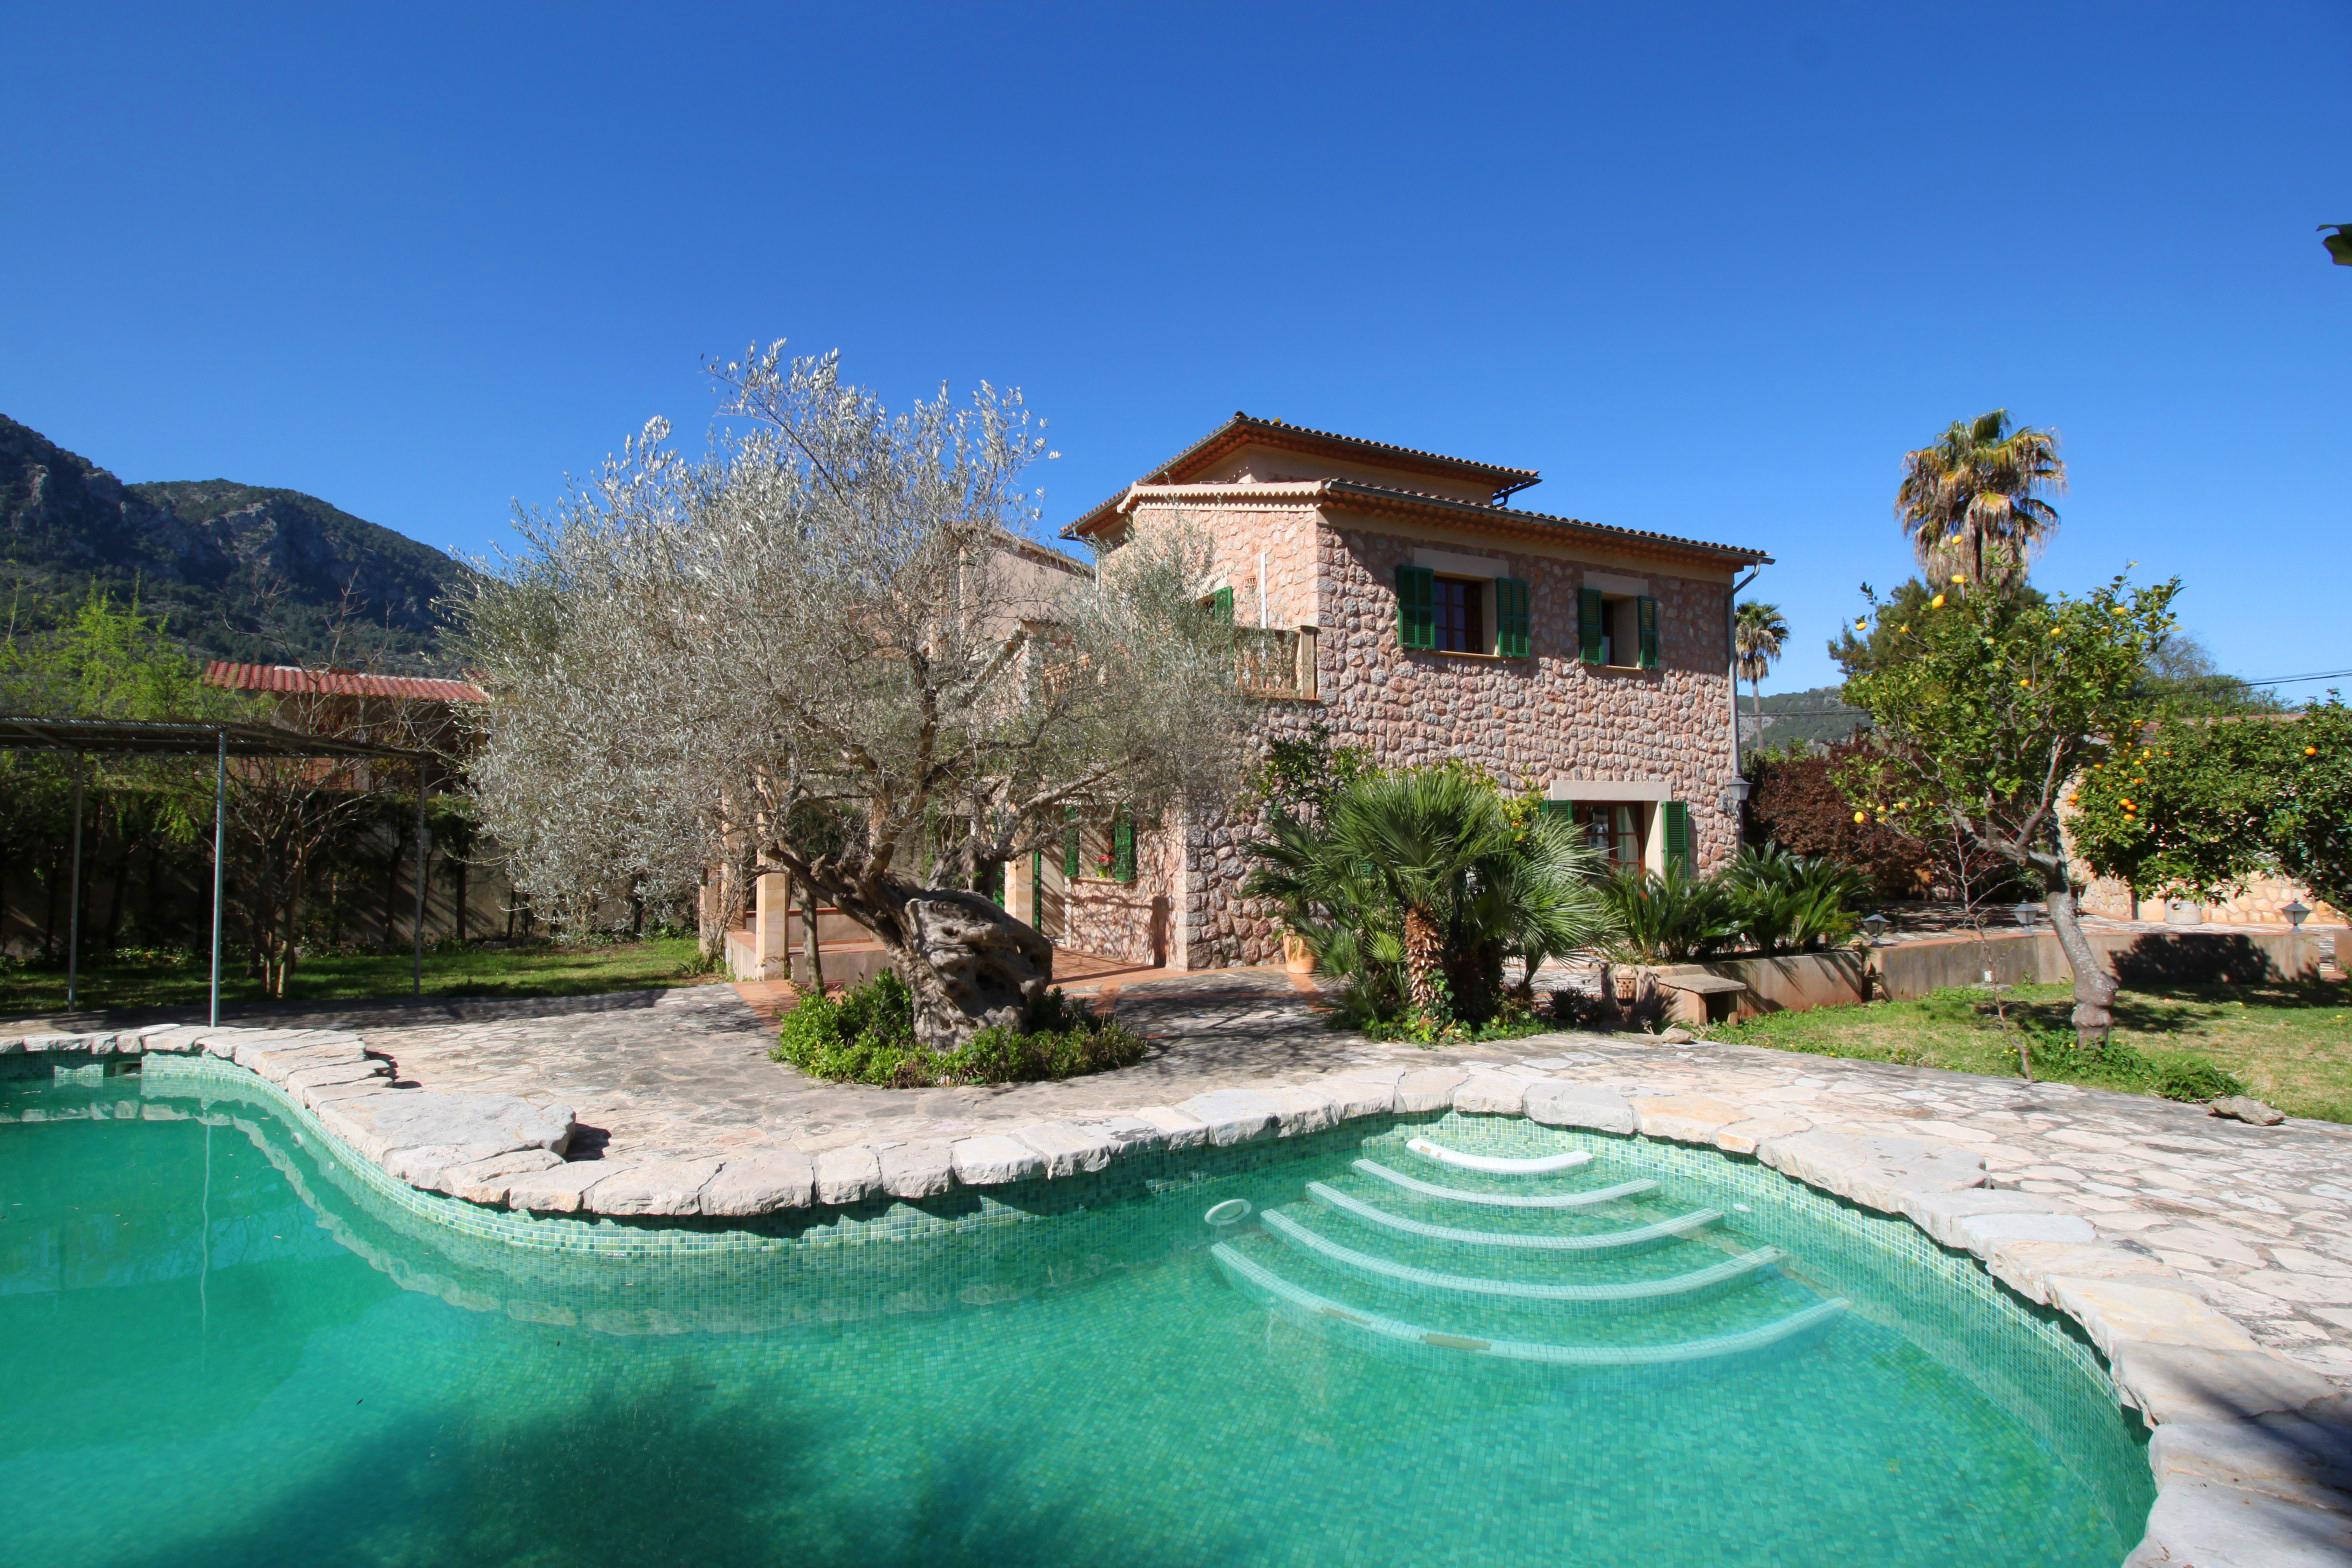 Impresionante villa con magnifico jardín y piscina en soller
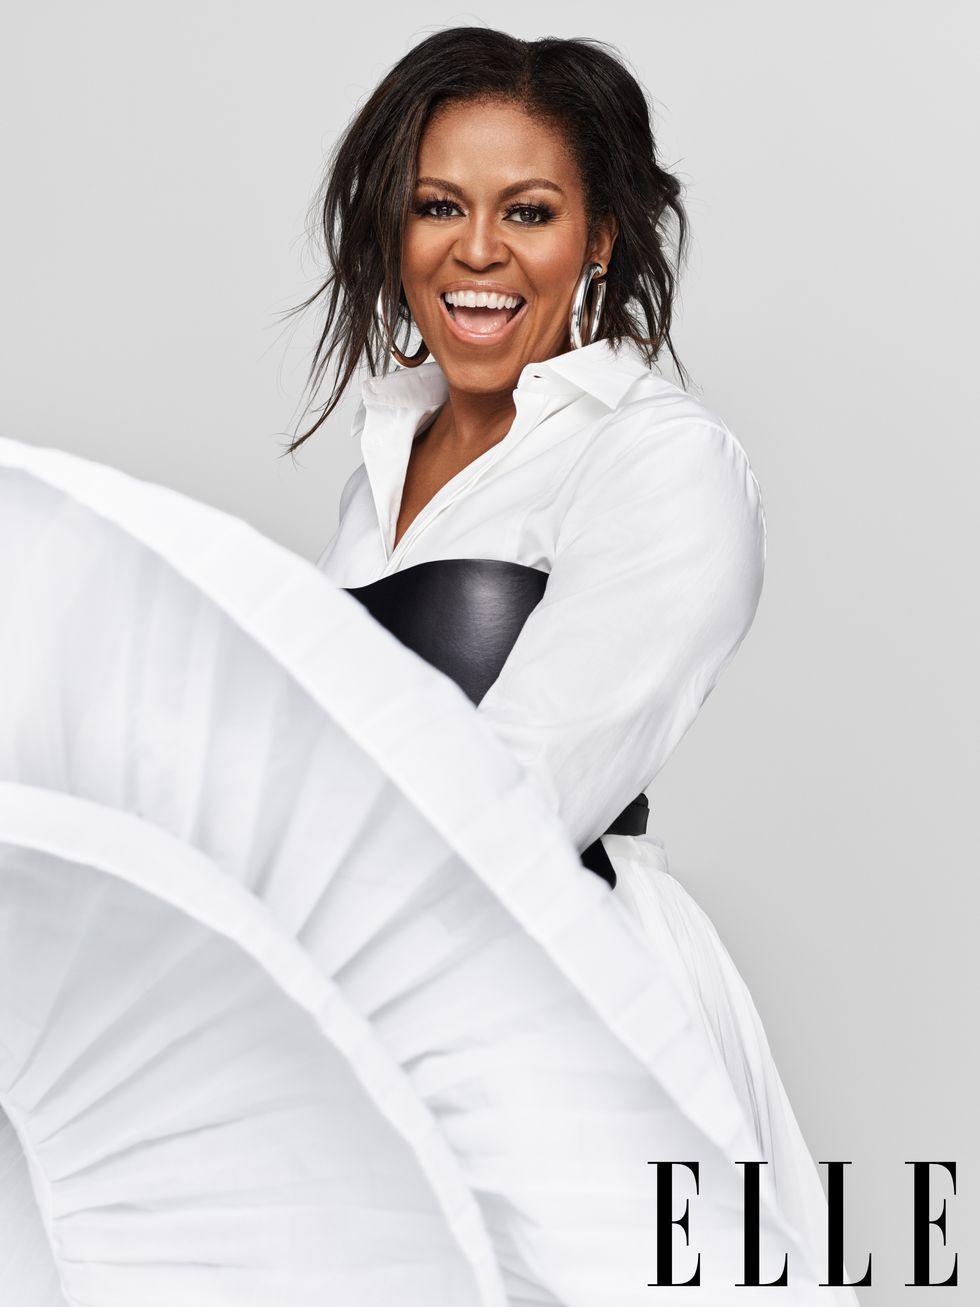 When Michelle Obama MetOprah!
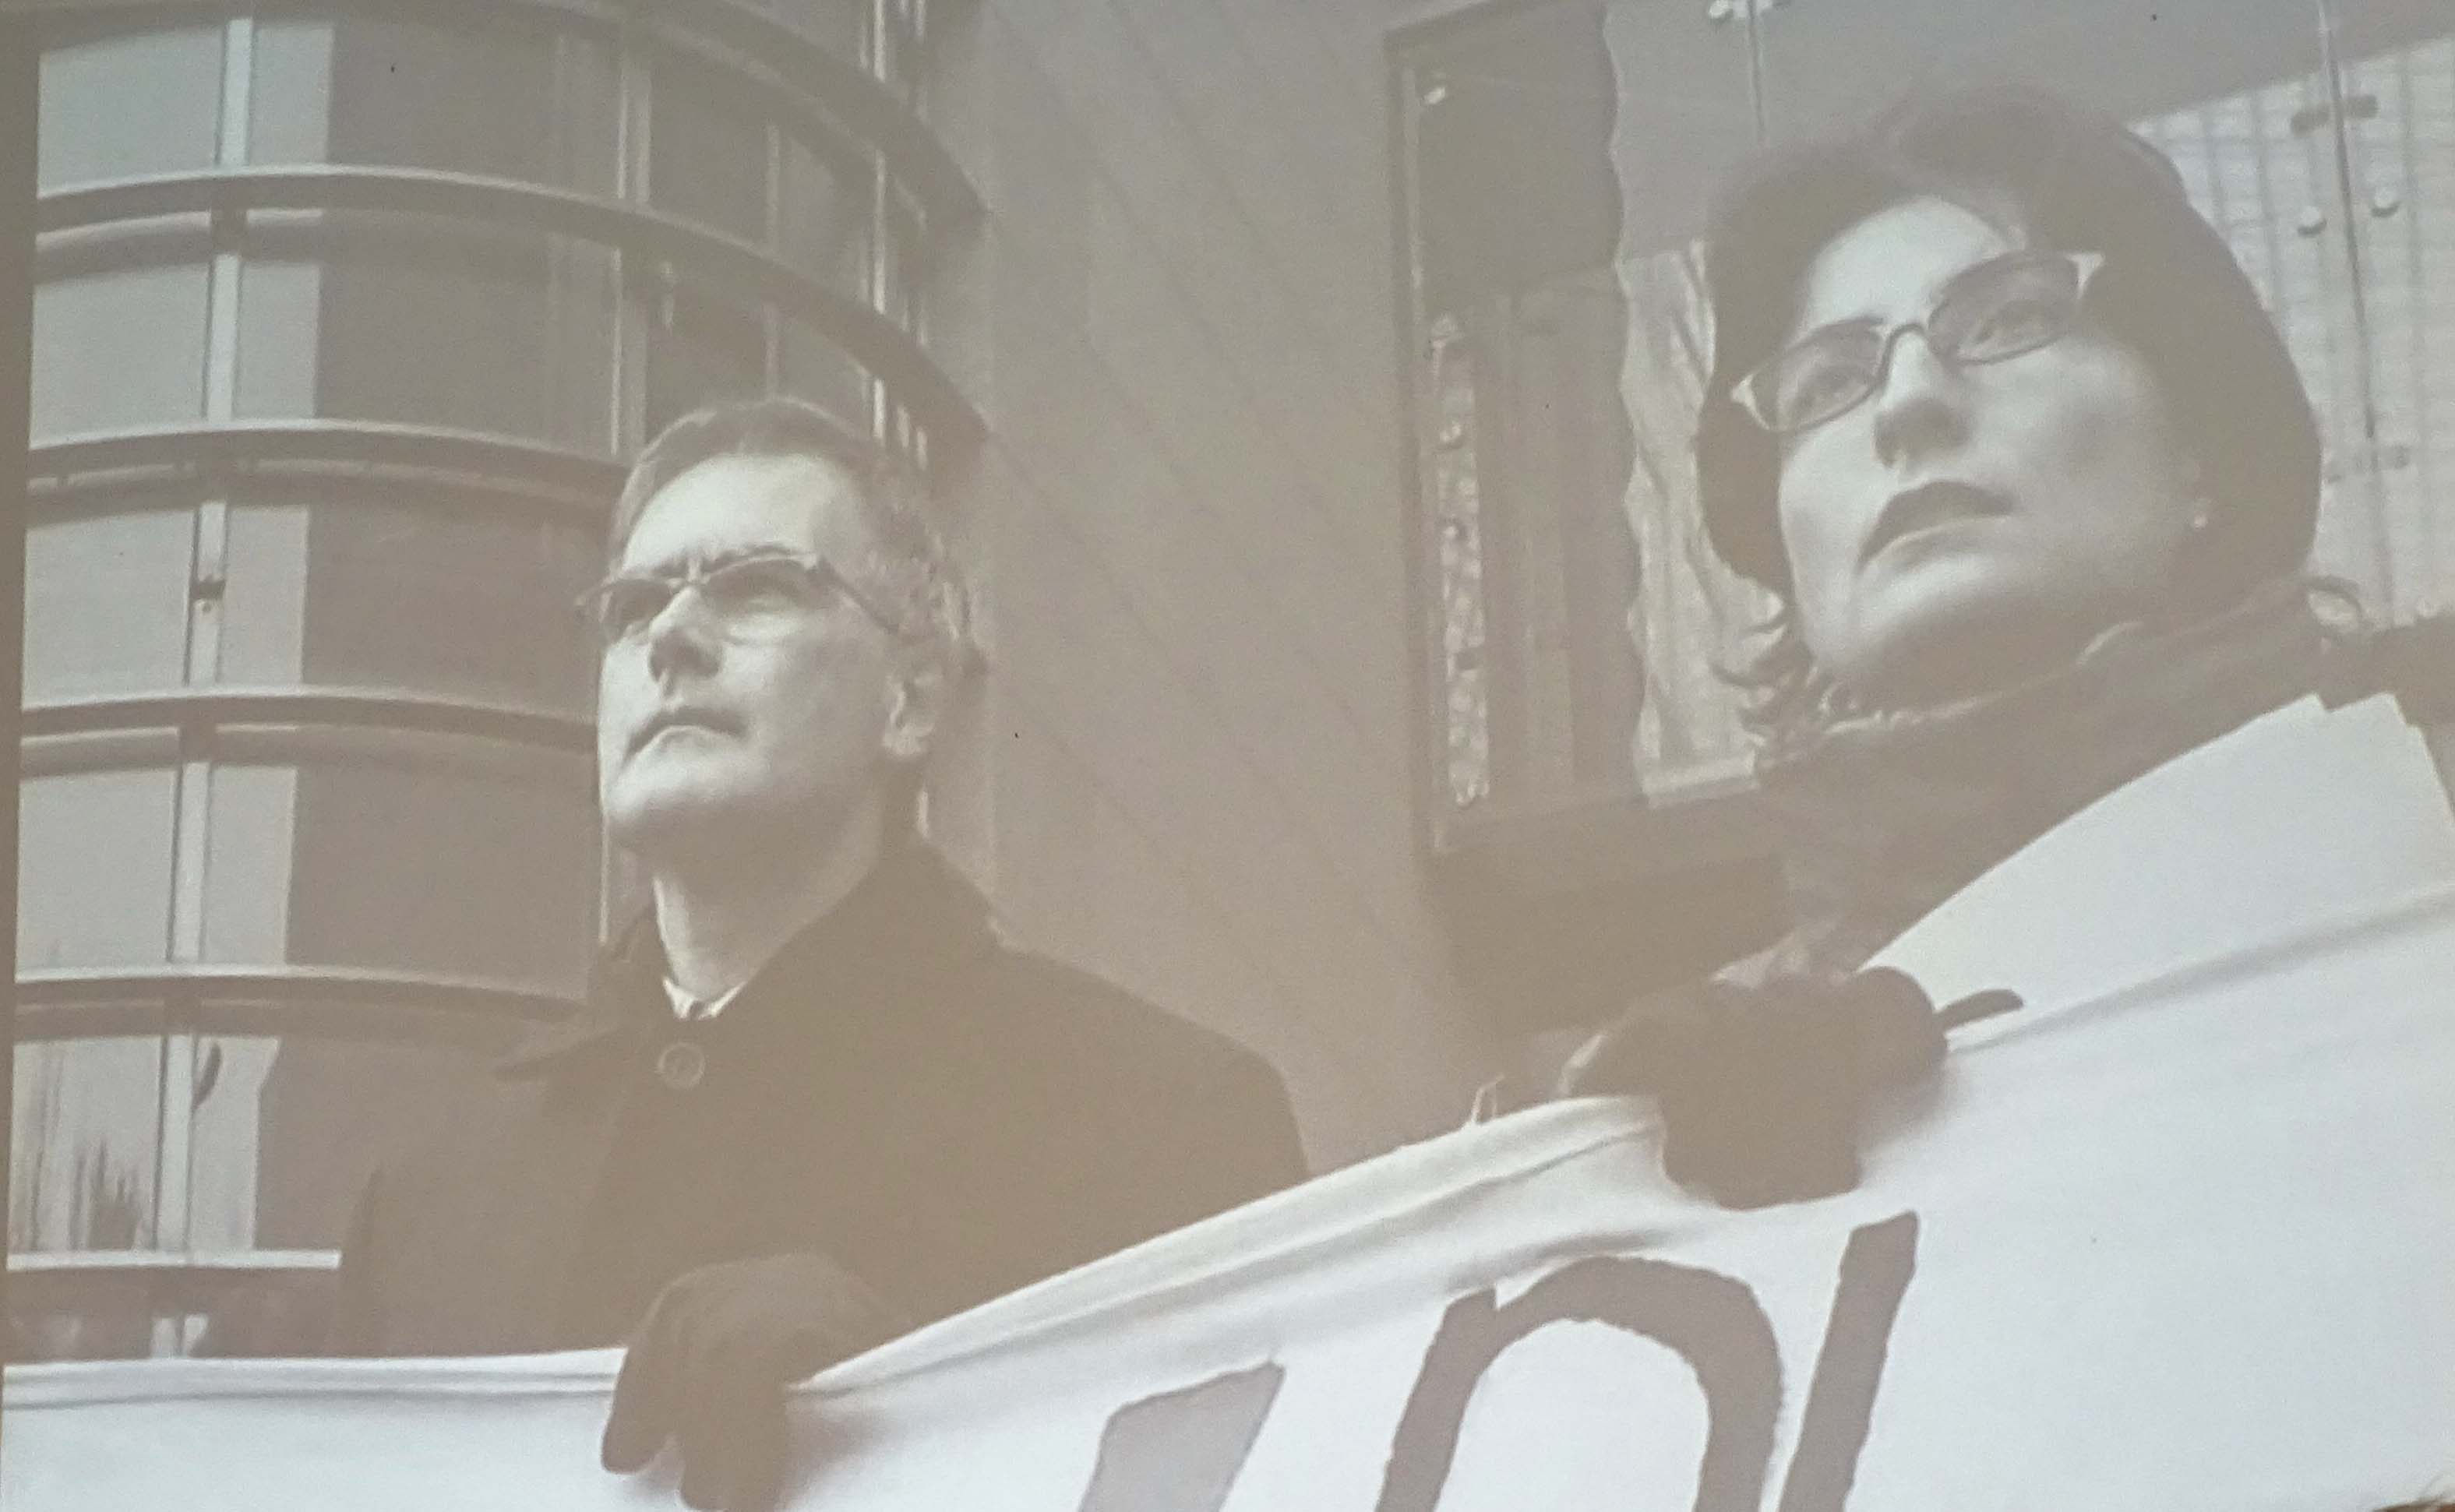 Erinnerung an frühere Demo-Tage: Hanspeter Uster und Manuela Weichelt gegen die «Prestige»-Tankerkatastrophe 2002.

•••••

• [ABOUT THIS EXERCISE]:
Without including any pictures, reproduce the listing exactly.

• [ANSWER TO THE PROBLEM]:
 Impresionante villa con magnifico jardín y piscina en soller
 When Michelle Obama MetOprah!
 Erinnerung an frühere Demo-Tage: Hanspeter Uster und Manuela Weichelt gegen die «Prestige»-Tankerkatastrophe 2002.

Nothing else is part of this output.